Thème 2 : Comment le droit permet-il de régler un litige ?
Chapitre 2.2 : La preuve
Distinguer acte et fait juridique, comprendre la charge de la preuve (art. 1353 du Code civil), connaître les présomptions et apprécier la force probante des différents modes de preuve (écrite, témoignage, aveu, intime conviction).
Chapitre 2.2 : La preuve
Thème 2 : Comment le droit permet-il de régler un litige ?
Objectifs du programme
À l'issue de ce chapitre, tu dois être capable de :
- Déterminer si le litige est causé par un acte ou par un fait juridique afin d'envisager un mode de preuve adapté
- Apprécier la force probante d'un élément de preuve dans une situation donnée
Les notions clés
- Objet de la preuve : acte juridique et fait juridique
- Charge de la preuve : « celui qui affirme doit prouver » (art. 1353 du Code civil)
- Les présomptions (simple et irréfragable)
- Les modes de preuve : preuve littérale, témoignage, aveu, intime conviction
Partie 1 : L'objet et la charge de la preuve
En droit, il ne suffit pas d'affirmer ses droits pour l'emporter : il faut aussi les prouver. La preuve permet d'établir la réalité d'un droit ou d'un fait devant un juge. Trois questions se posent : qui doit prouver, quoi prouver et comment ?

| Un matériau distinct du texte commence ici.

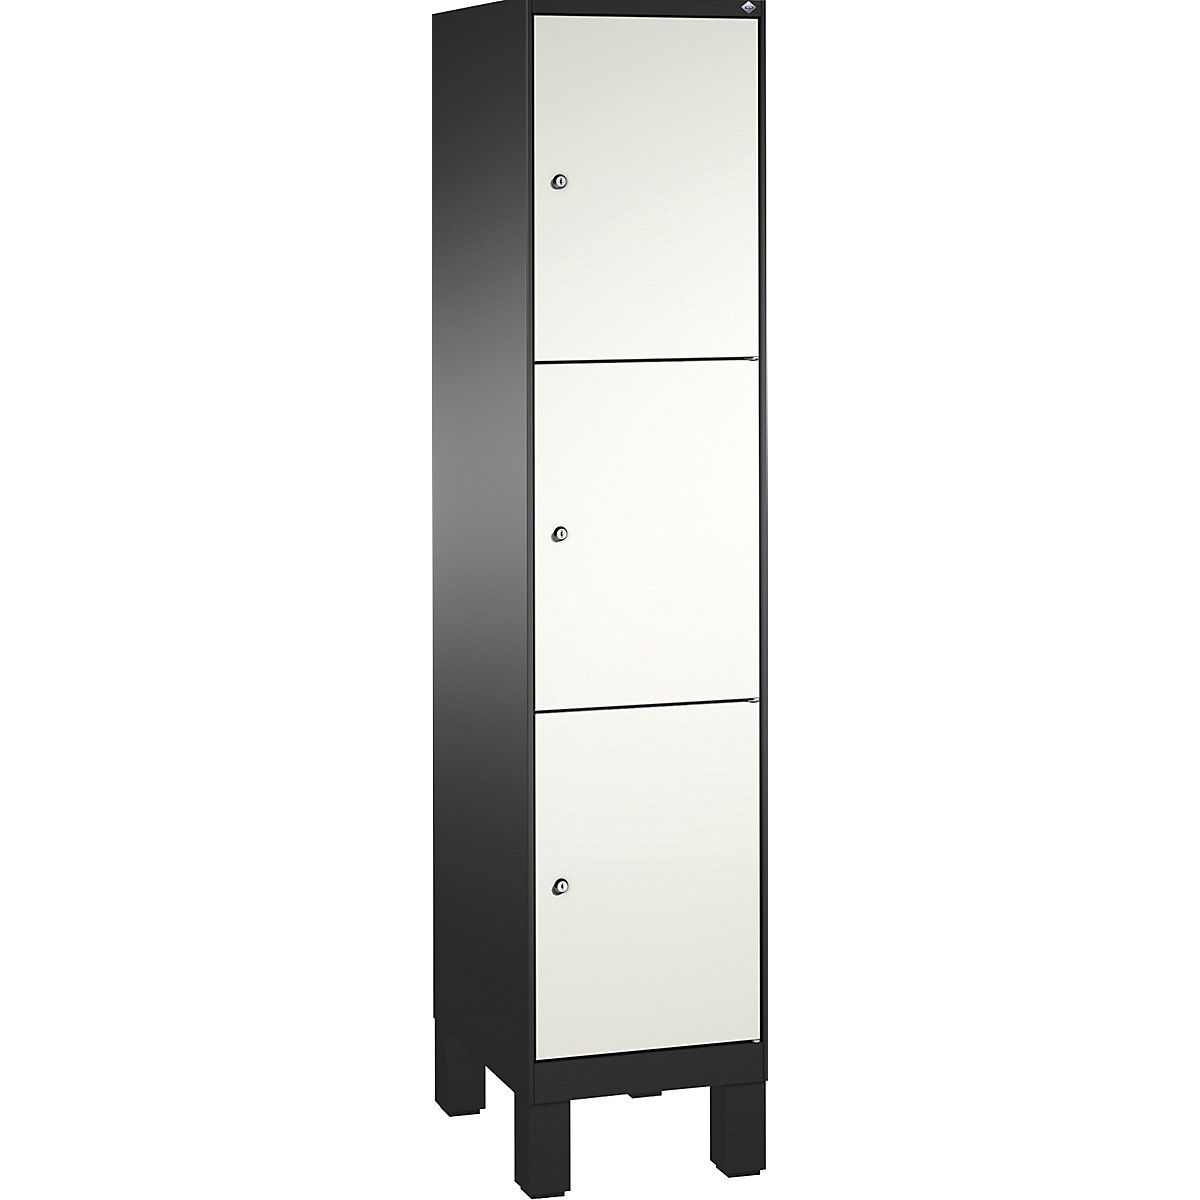 EVOLO locker unit, with feet – C+P, 1 compartment, 3 shelf compartments, compartment width 400 mm, black grey / traffic white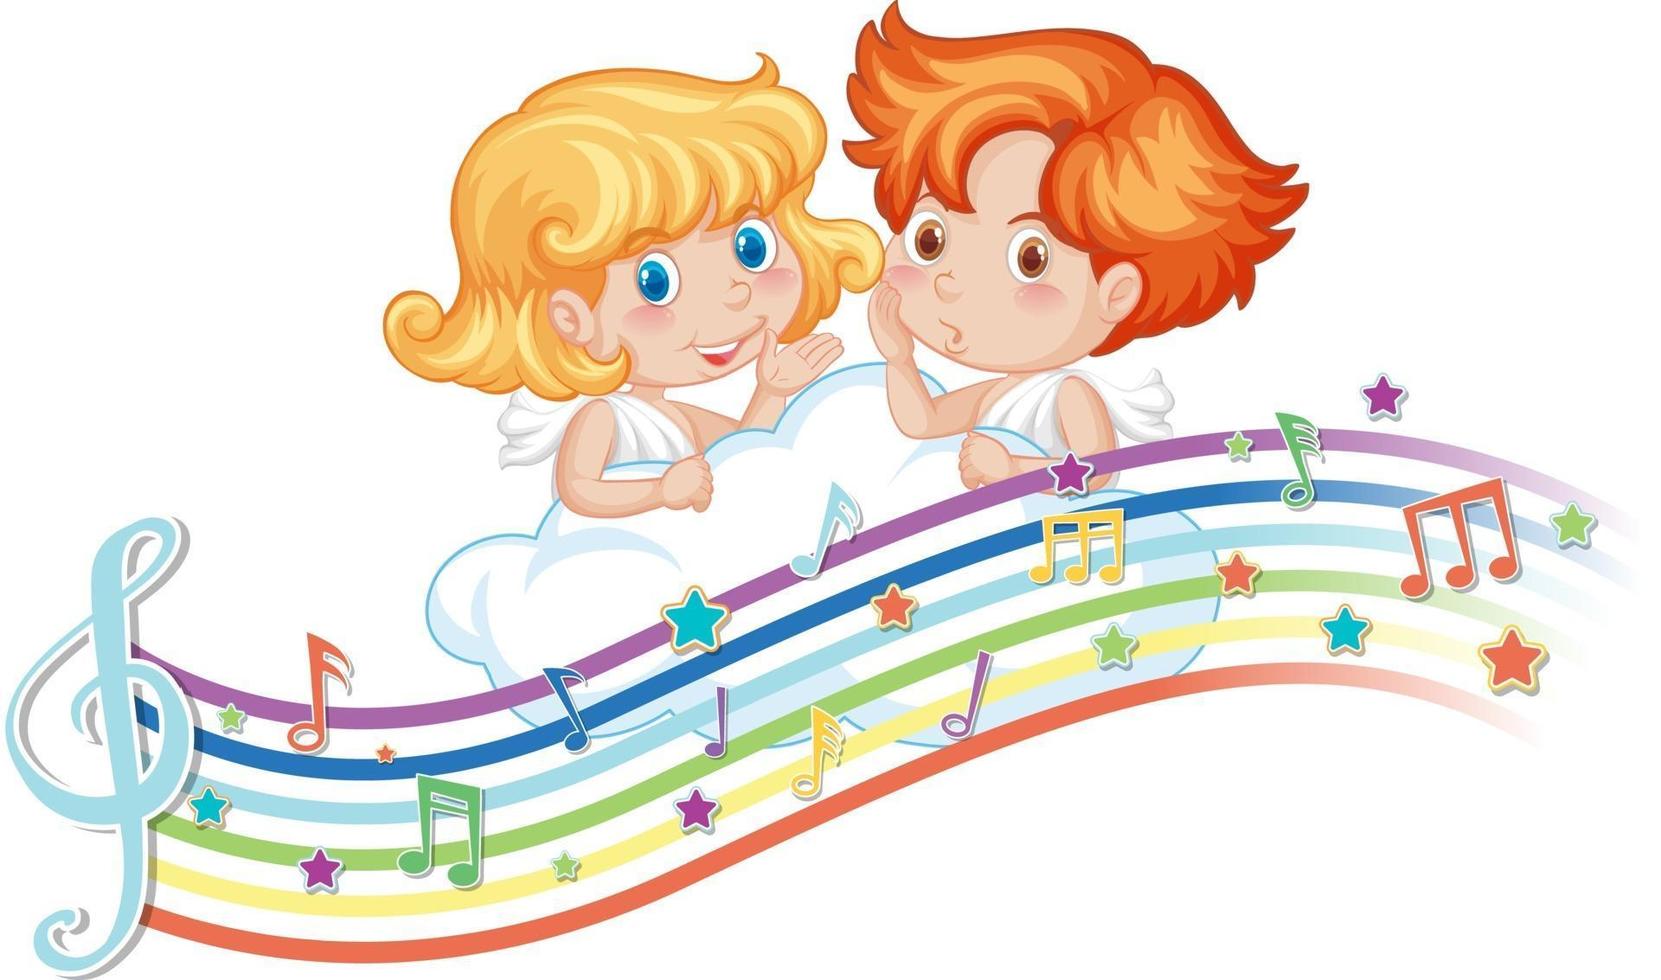 personagem de desenho animado de cupido e menina com símbolos de melodia no arco-íris vetor

A. L'objet de la preuve : acte ou fait juridique ?
Acte juridique : une manifestation de volonté destinée à produire des effets de droit. Exemple : signer un contrat de vente.
Fait juridique : un évènement ou un comportement qui produit des effets de droit sans volonté préalable. Exemple : un accident de voiture, un vol.
Le moyen à retenir : acte = volonté, fait = évènement. Cette distinction est essentielle car elle commande le mode de preuve : un acte juridique se prouve en principe par écrit, alors qu'un fait juridique se prouve par tout moyen.
B. La charge de la preuve
« Celui qui affirme doit prouver » (art. 1353 du Code civil) : c'est celui qui demande l'exécution d'une obligation ou l'application d'une règle qui doit en apporter la preuve.
Exemple : une personne qui réclame le paiement d'une dette doit prouver l'existence du prêt.
Acte juridique ou fait juridique ?
Partie 2 : Les présomptions et les modes de preuve
A. Les présomptions
Parfois, la loi facilite la tâche grâce aux présomptions : des déductions que l'on tire d'un fait connu vers un fait inconnu.
- Présomption simple : on peut apporter la preuve contraire. Exemple : la présomption de paternité (le mari de la mère est présumé père de l'enfant), qui peut être contestée.
- Présomption irréfragable : aucune preuve contraire n'est admise.
B. Les modes de preuve
Le droit distingue la preuve littérale (écrite) et la preuve non écrite (témoignage, aveu, serment).
La preuve par écrit : l'acte authentique est rédigé par un officier public (notaire, officier d'état civil) ; il fait foi jusqu'à inscription de faux (procédure lourde). L'acte sous signature privée est rédigé entre particuliers sans notaire ; il a valeur légale s'il est signé et daté. Depuis la loi du 13 mars 2000, la preuve électronique a la même valeur que l'écrit papier si l'identité de l'auteur est garantie et l'intégrité du document assurée (ex. signature électronique certifiée).
Le témoignage : déclarations de tiers rapportant ce qu'ils ont vu ou entendu. Admis surtout pour les faits juridiques. Limite : il peut être peu fiable (erreur, mensonge).
L'aveu : déclaration par laquelle une personne reconnaît un fait qui produit contre elle des conséquences. L'aveu judiciaire (devant le juge) est une preuve parfaite ; l'aveu extrajudiciaire est une preuve imparfaite.
L'intime conviction du juge : dans certaines matières (notamment au pénal), le juge décide selon sa conviction personnelle fondée sur l'analyse de l'ensemble des preuves. Exemple : le jury d'assises juge selon son intime conviction.